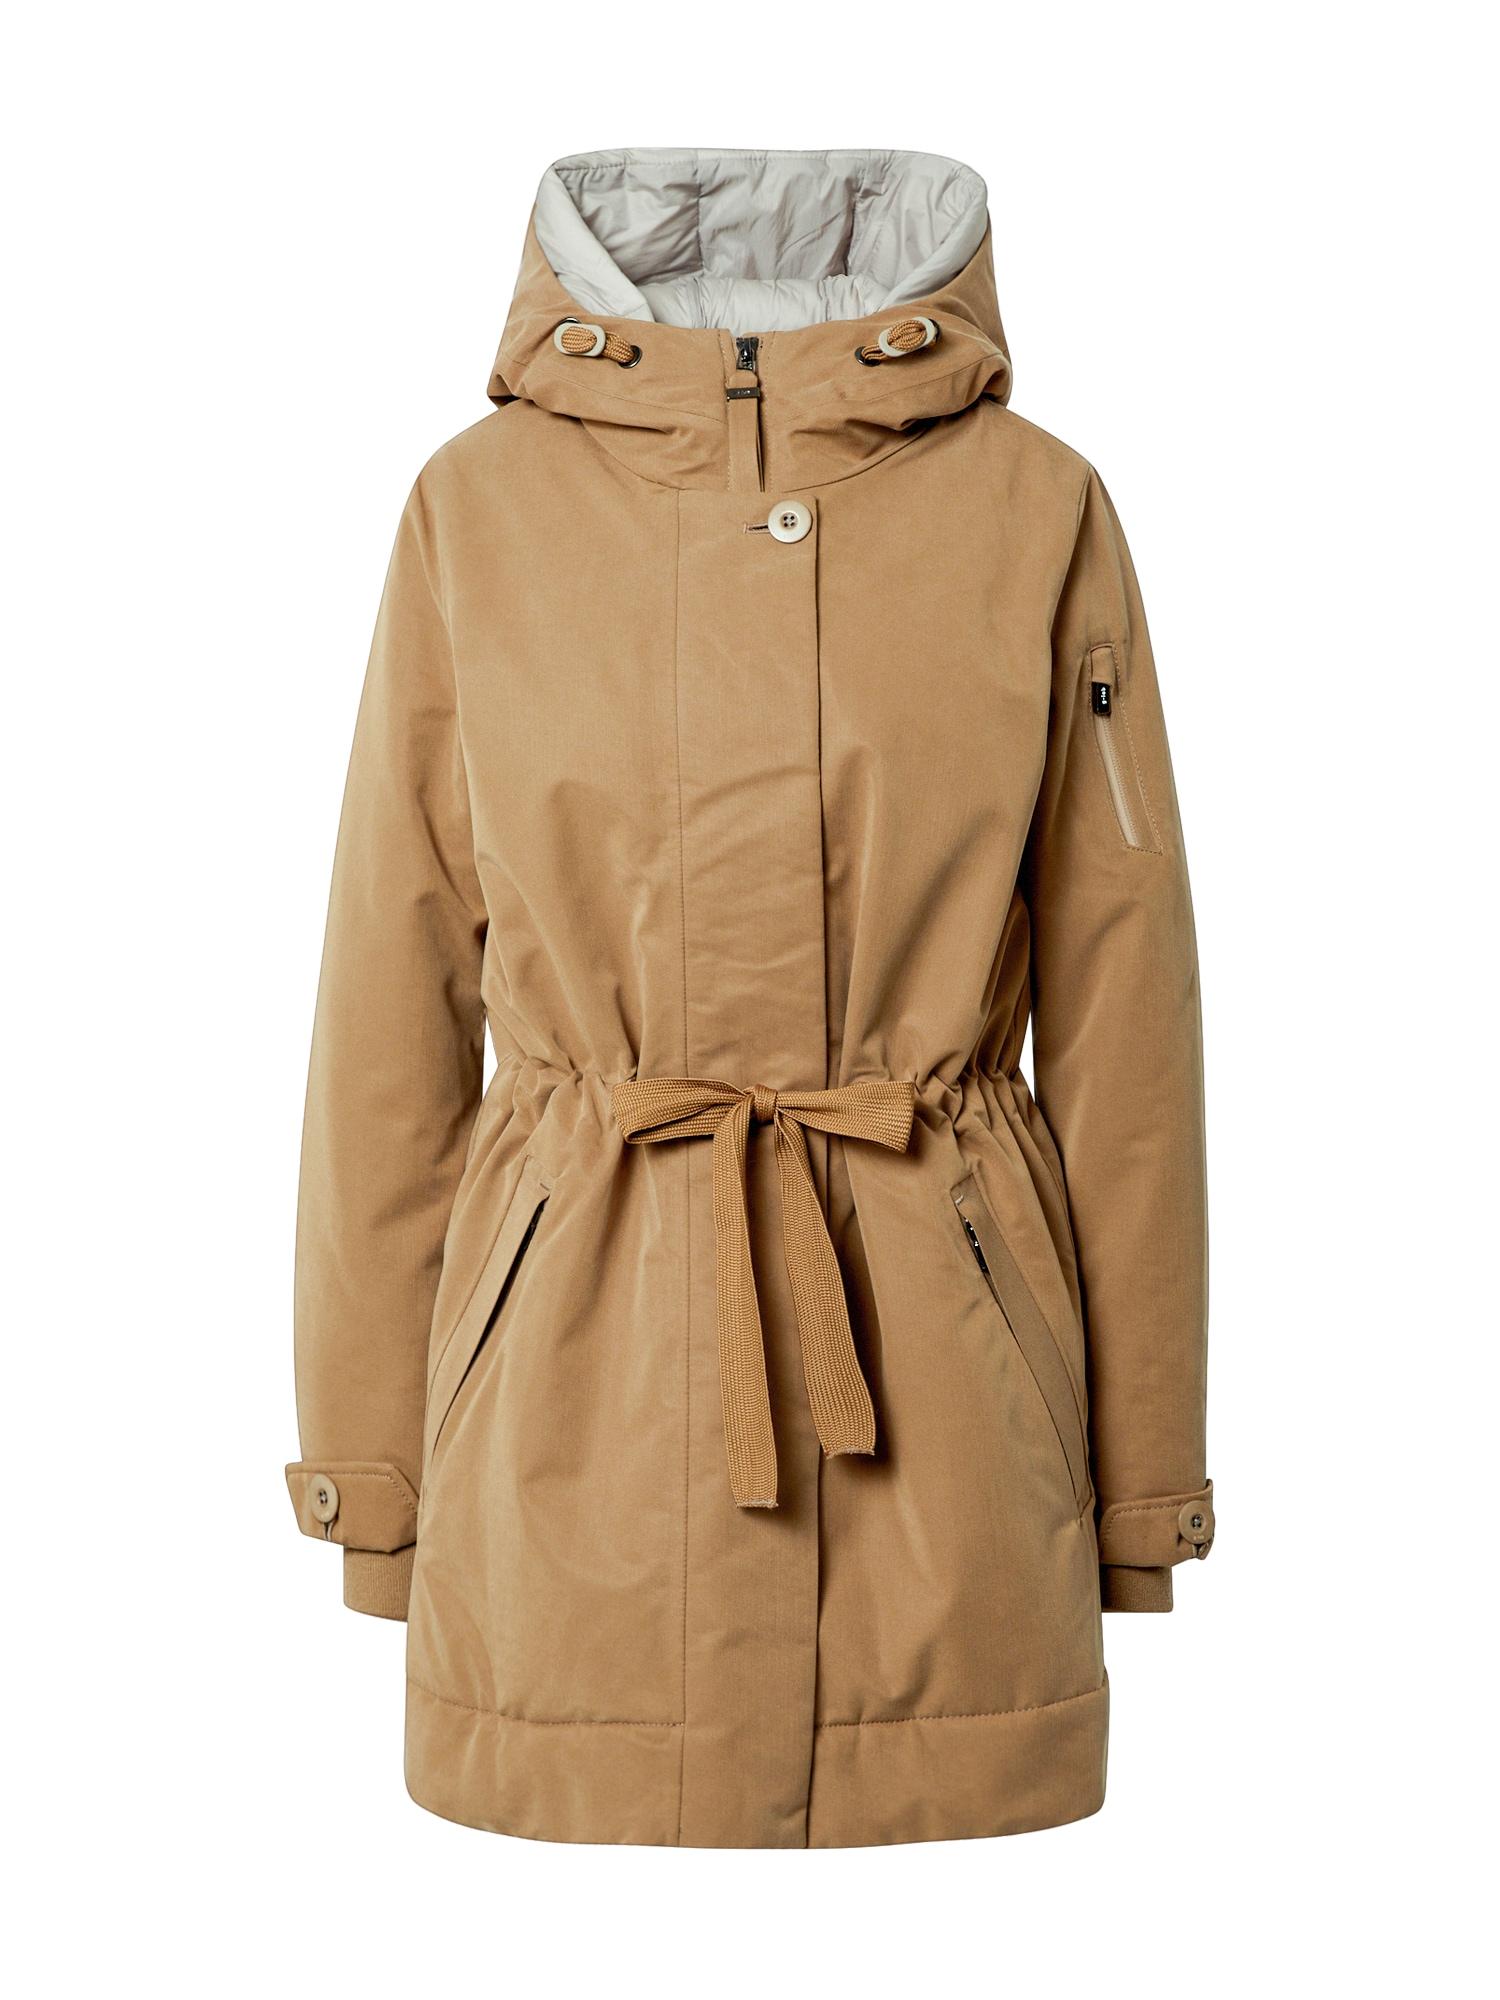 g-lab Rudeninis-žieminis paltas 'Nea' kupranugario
----------------
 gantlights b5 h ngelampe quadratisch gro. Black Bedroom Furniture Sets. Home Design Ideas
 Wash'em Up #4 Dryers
----------------
Work instructions
Above are the records; repeat exactly the lines from the one holding "gantlights b5 h" down to the one holding "Wash'em Up #4 Dryers", end lines included.

Solved problem
 gantlights b5 h ngelampe quadratisch gro. Black Bedroom Furniture Sets. Home Design Ideas
 Wash'em Up #4 Dryers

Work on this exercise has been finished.